Regional lender Bank of Queensland Limited (ASX: BOQ) suffered its second day of losses as analysts point out the cracks in its first half results.
The stock is down another 2% to a near two-month low of $13.61 during lunch time trade after taking a 3.3% tumble yesterday when it handed in its earnings report card.
Bank of Queensland will be in the timeout corner for a while yet. At least two brokers have downgraded their recommendation on the stock even though the bank delivered what it called a "solid result" with net cash earnings jumping 19% to $167 million and a 13% increase to its interim dividend to 36 cents a share for the six months to end February.

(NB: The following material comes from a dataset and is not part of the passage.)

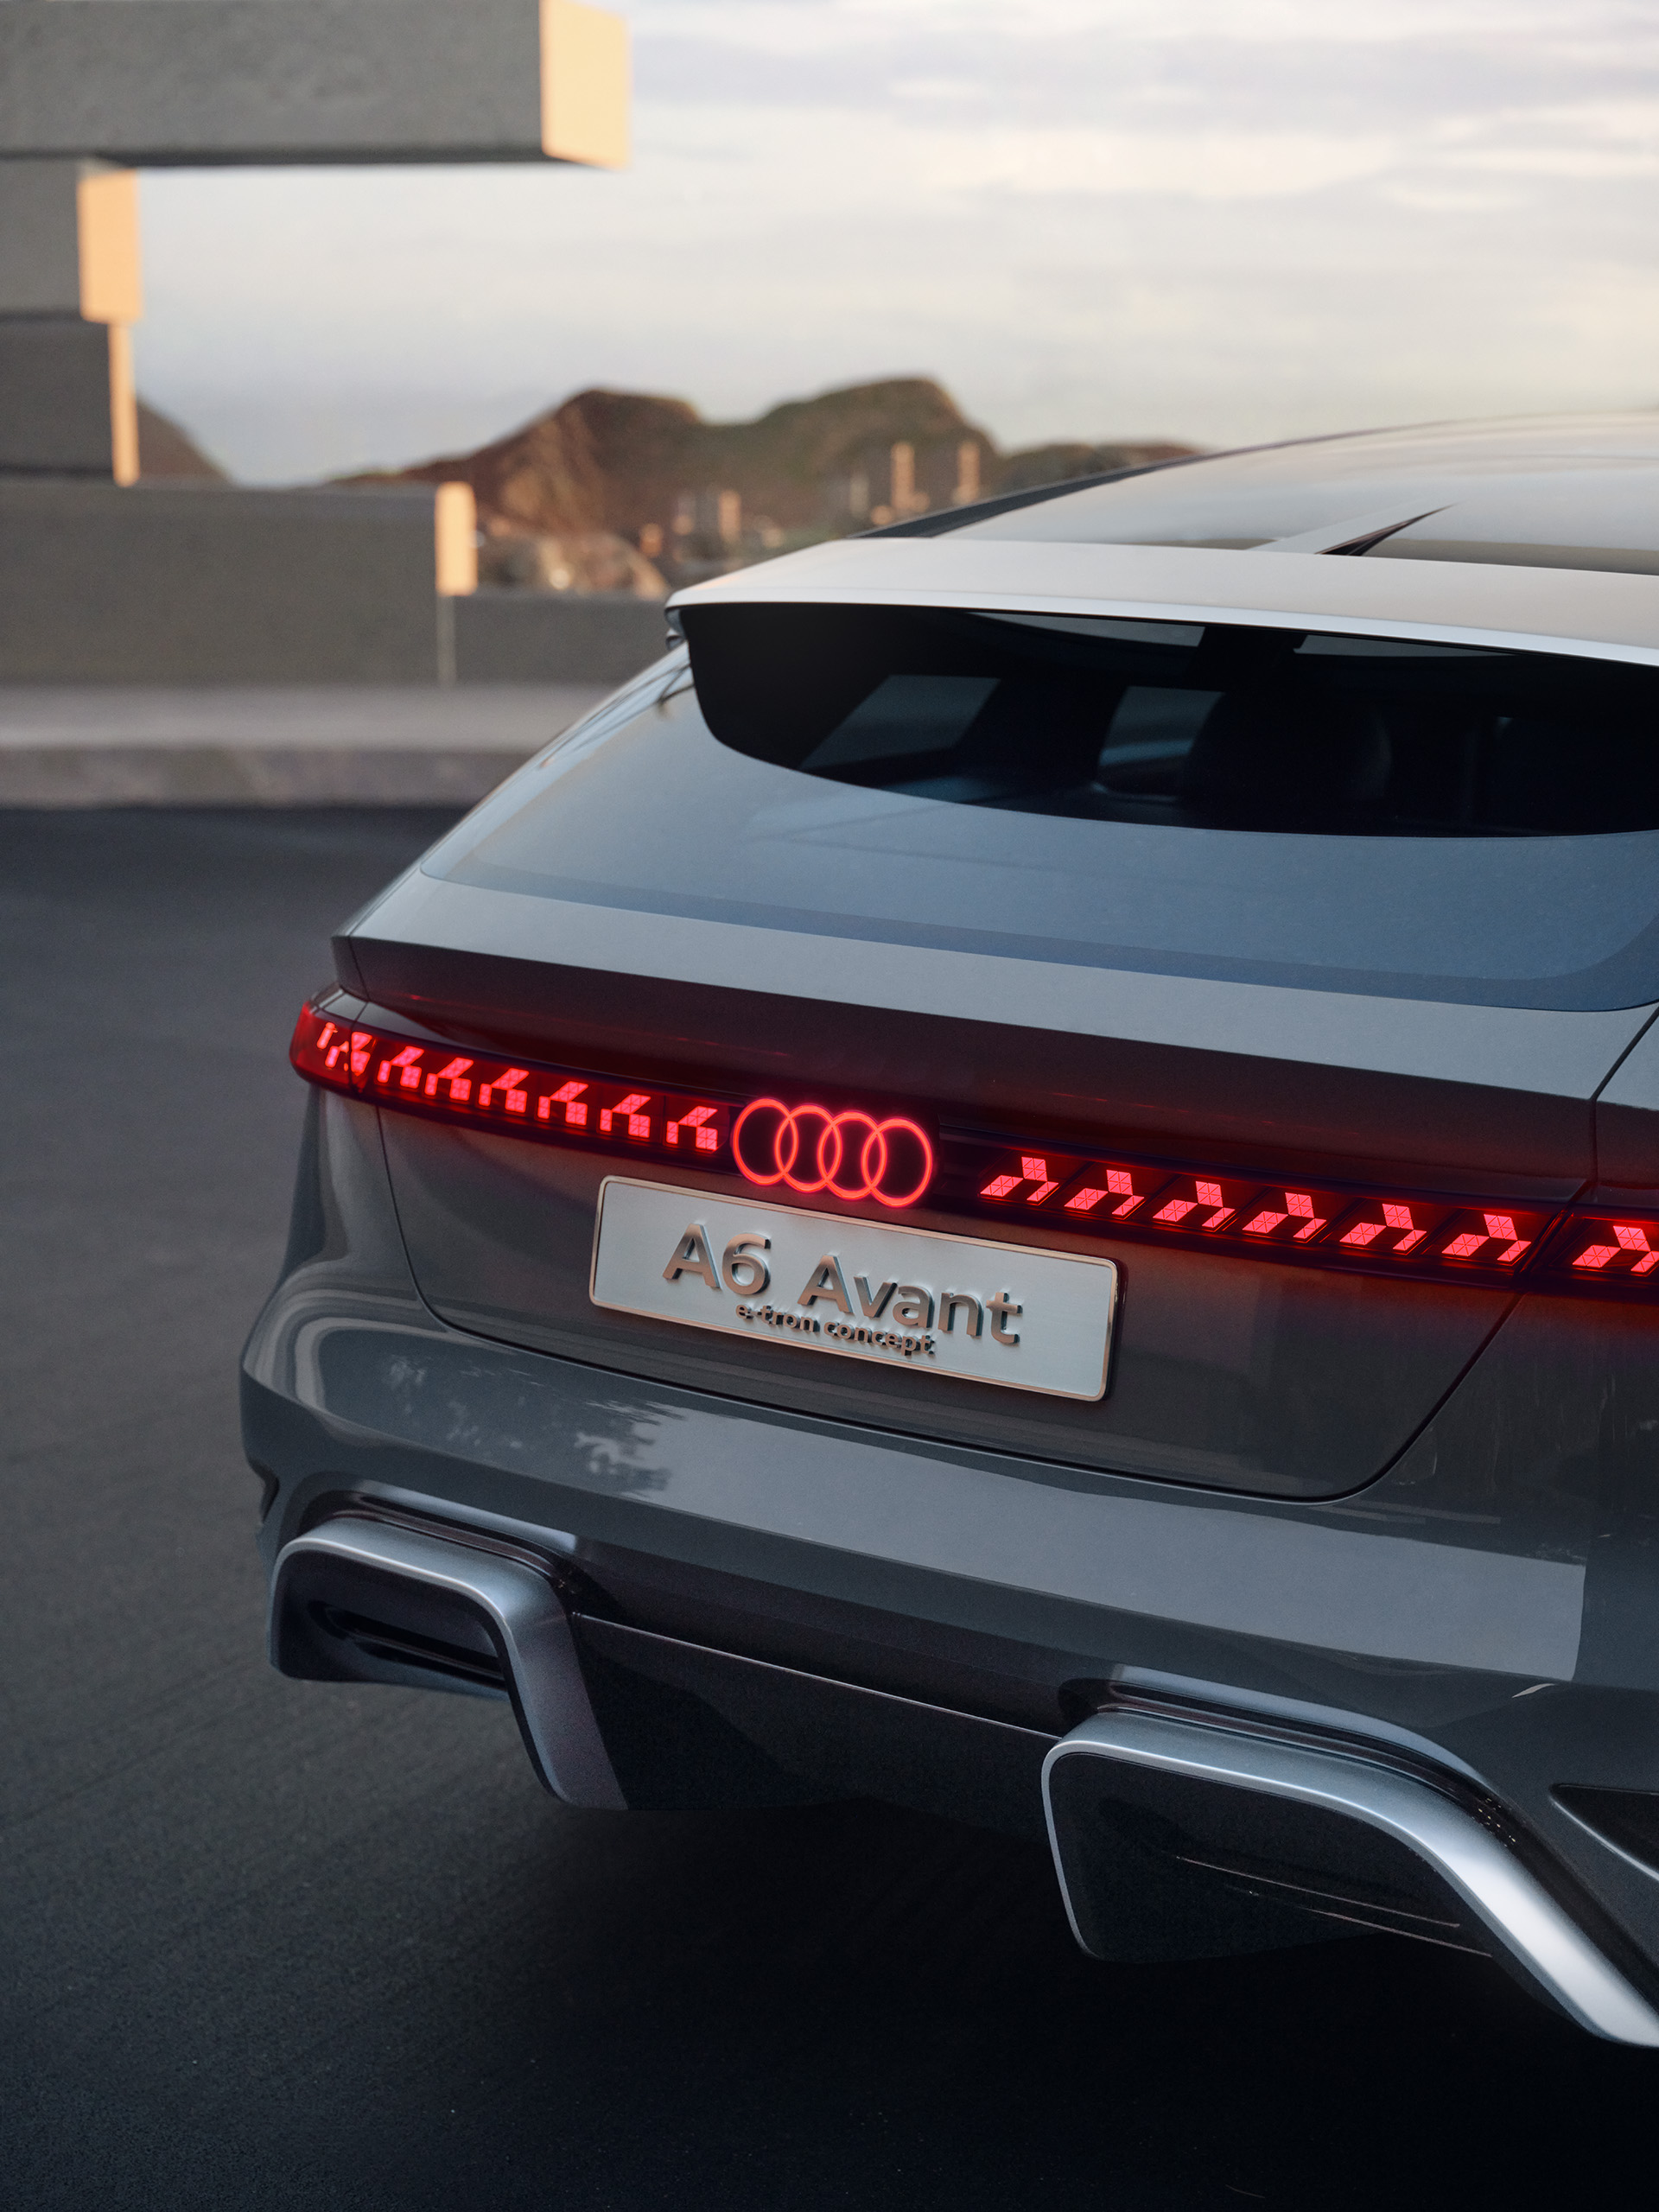 Vue arrière de l'Audi A6 Avant e-tron concept avec bandeau lumineux continu.

The problem is that the bank may have gone ex-growth and the dividend may not be sustainable.
UBS was surprised that the bank lifted its dividend by 2 cents as earnings per share fell. This puts its payout ratio at 79%, which the broker calls "unsustainable" given the higher reserve requirements that banks will be forced to hold under new (but yet to be enforced) regulations.

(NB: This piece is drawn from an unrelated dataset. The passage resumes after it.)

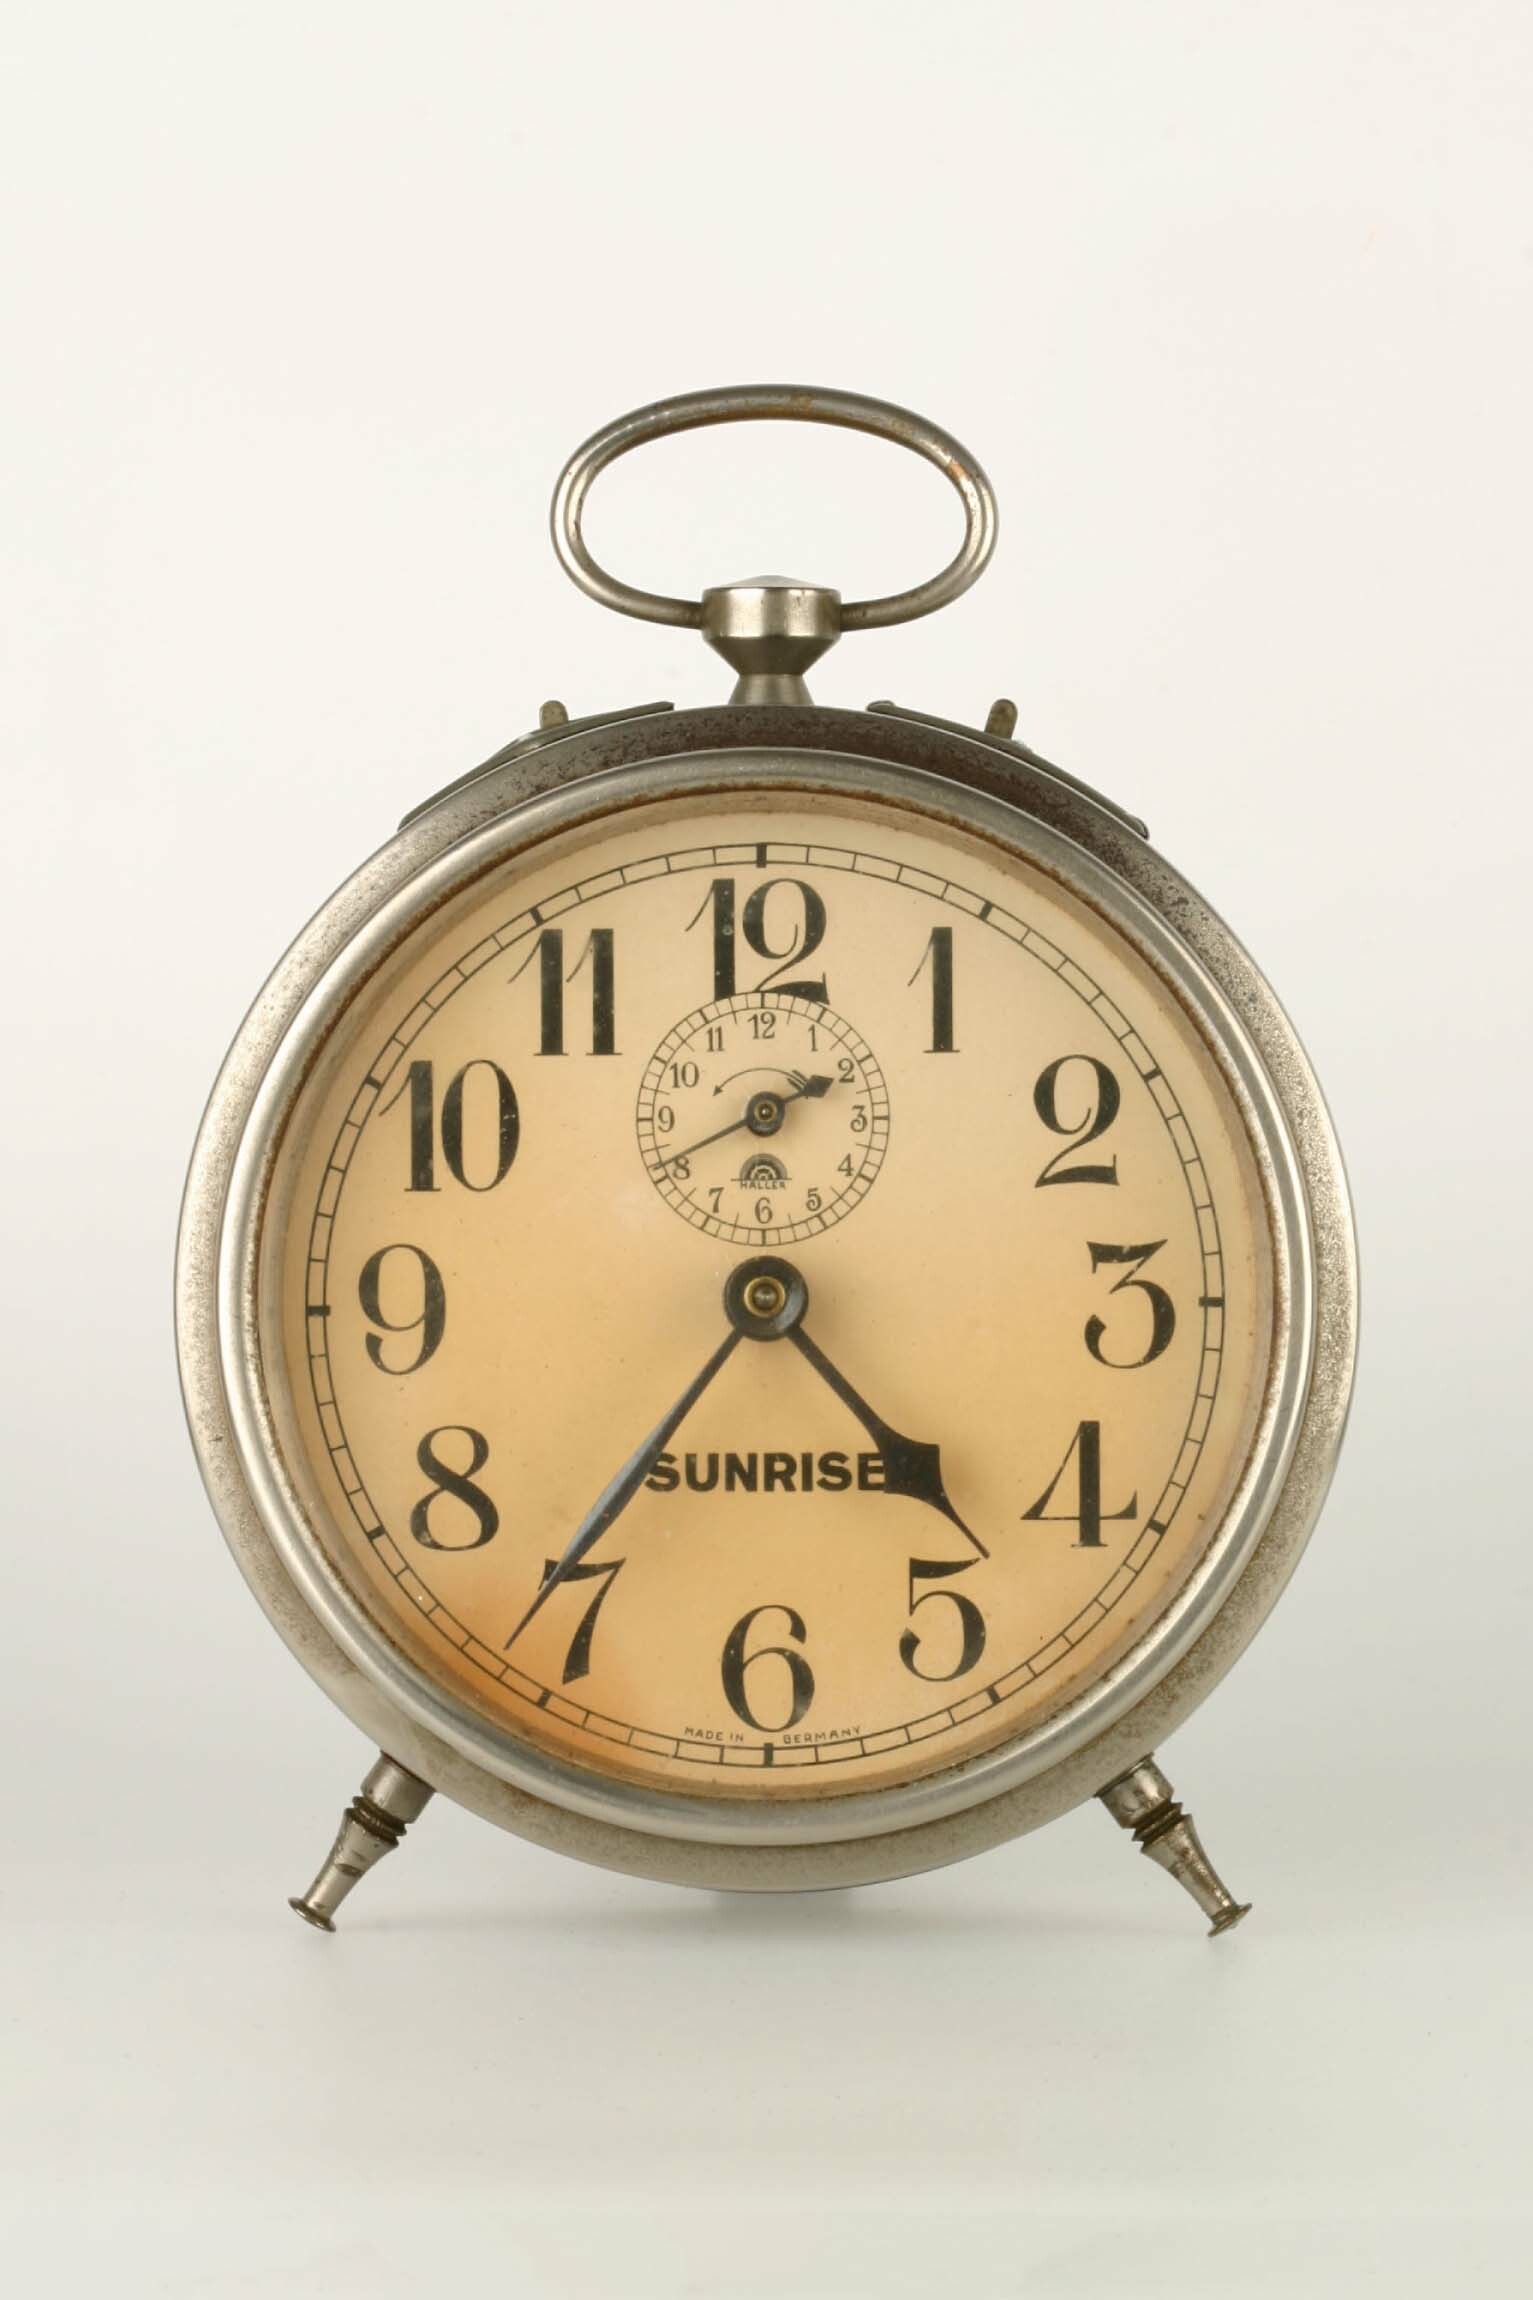 Rückwandglockenwecker, Haller-Kienzle, Schramberg, um 1930 (Deutsches Uhrenmuseum CC BY-SA)

To keep yield-hungry investors happy, Bank of Queensland will need to sustain earnings growth and there are doubts that it can.
This is the key reason why JP Morgan cut its recommendation on the stock to "underweight" from "neutral" and Citigroup downgraded its call to "neutral" from "buy".

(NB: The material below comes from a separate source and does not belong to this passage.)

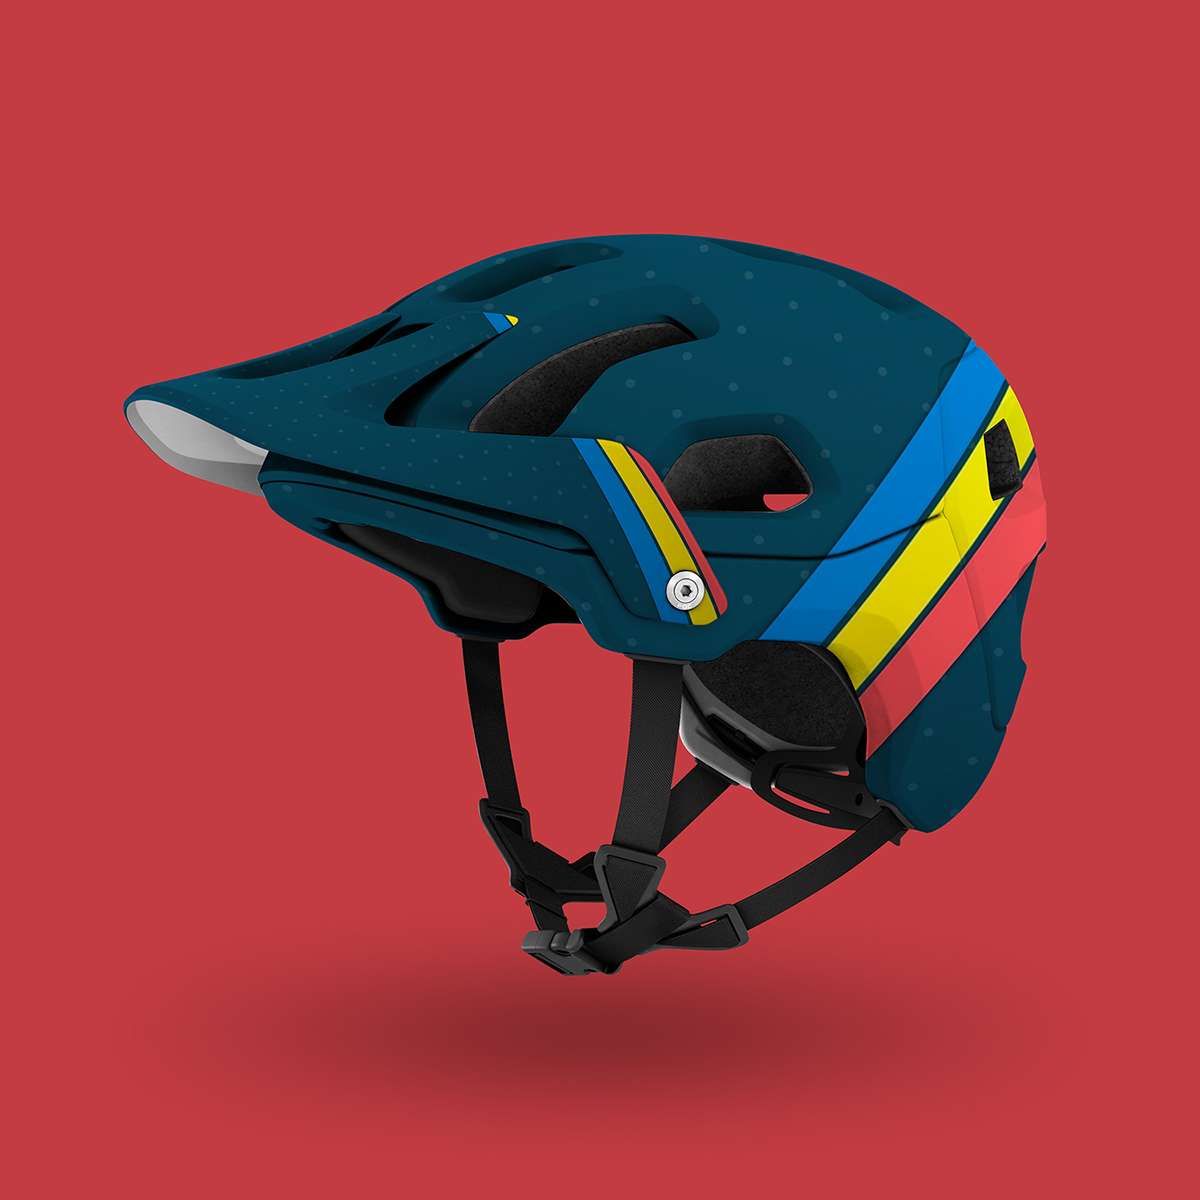 Download 4K Mountain Bike Helmet PSD mockup by Mockup Depot on Behance

JP Morgan thinks the bank does not generate enough excess capital to fund growth, while Citigroup thinks that the tailwinds from lower costs and improved product mix have run their course.
The negative sentiment is of particular issue to Bank of Queensland because the stock has outperformed its peers strongly in recent times (see chart below).
Over the past six months, Bank of Queensland has run nearly 18%, well ahead of its peers and its performance (up till yesterday's poorly received result) matches that of Commonwealth Bank of Australia (ASX: CBA) – the rock star of the sector.
Other Queensland-based institutions, such as Suncorp Group Ltd (ASX: SUN) and Wide Bay Australia Limited (ASX: WBB) are miles behind, while the other regional bank of significance, Bendigo & Adelaide Bank Ltd (ASX: BEN) could only produce a 4% gain over the period.